▶ **Requirement**
Starting at the line that contains "4F Sportiniai marškinėliai balta", set down each line exactly until the records end, keeping both ends and adding nothing.
#### Exercise materials ####
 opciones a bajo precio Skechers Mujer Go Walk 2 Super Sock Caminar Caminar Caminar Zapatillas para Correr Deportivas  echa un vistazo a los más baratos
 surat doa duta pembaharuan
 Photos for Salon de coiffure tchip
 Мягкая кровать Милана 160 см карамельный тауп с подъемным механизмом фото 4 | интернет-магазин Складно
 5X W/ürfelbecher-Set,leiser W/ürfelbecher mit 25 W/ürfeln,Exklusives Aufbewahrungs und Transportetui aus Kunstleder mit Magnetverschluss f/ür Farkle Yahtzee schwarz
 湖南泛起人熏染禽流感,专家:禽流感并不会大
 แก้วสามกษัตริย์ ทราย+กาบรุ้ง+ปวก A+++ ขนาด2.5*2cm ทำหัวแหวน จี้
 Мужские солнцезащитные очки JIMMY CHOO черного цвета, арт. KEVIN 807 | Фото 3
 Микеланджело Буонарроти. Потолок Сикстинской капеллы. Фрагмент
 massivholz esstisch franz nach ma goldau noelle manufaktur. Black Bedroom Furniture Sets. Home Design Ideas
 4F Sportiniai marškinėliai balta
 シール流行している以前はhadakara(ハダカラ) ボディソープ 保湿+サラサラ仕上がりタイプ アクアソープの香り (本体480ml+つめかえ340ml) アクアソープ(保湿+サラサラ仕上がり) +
####
▶ **Result for this exercise**
 4F Sportiniai marškinėliai balta
 シール流行している以前はhadakara(ハダカラ) ボディソープ 保湿+サラサラ仕上がりタイプ アクアソープの香り (本体480ml+つめかえ340ml) アクアソープ(保湿+サラサラ仕上がり) +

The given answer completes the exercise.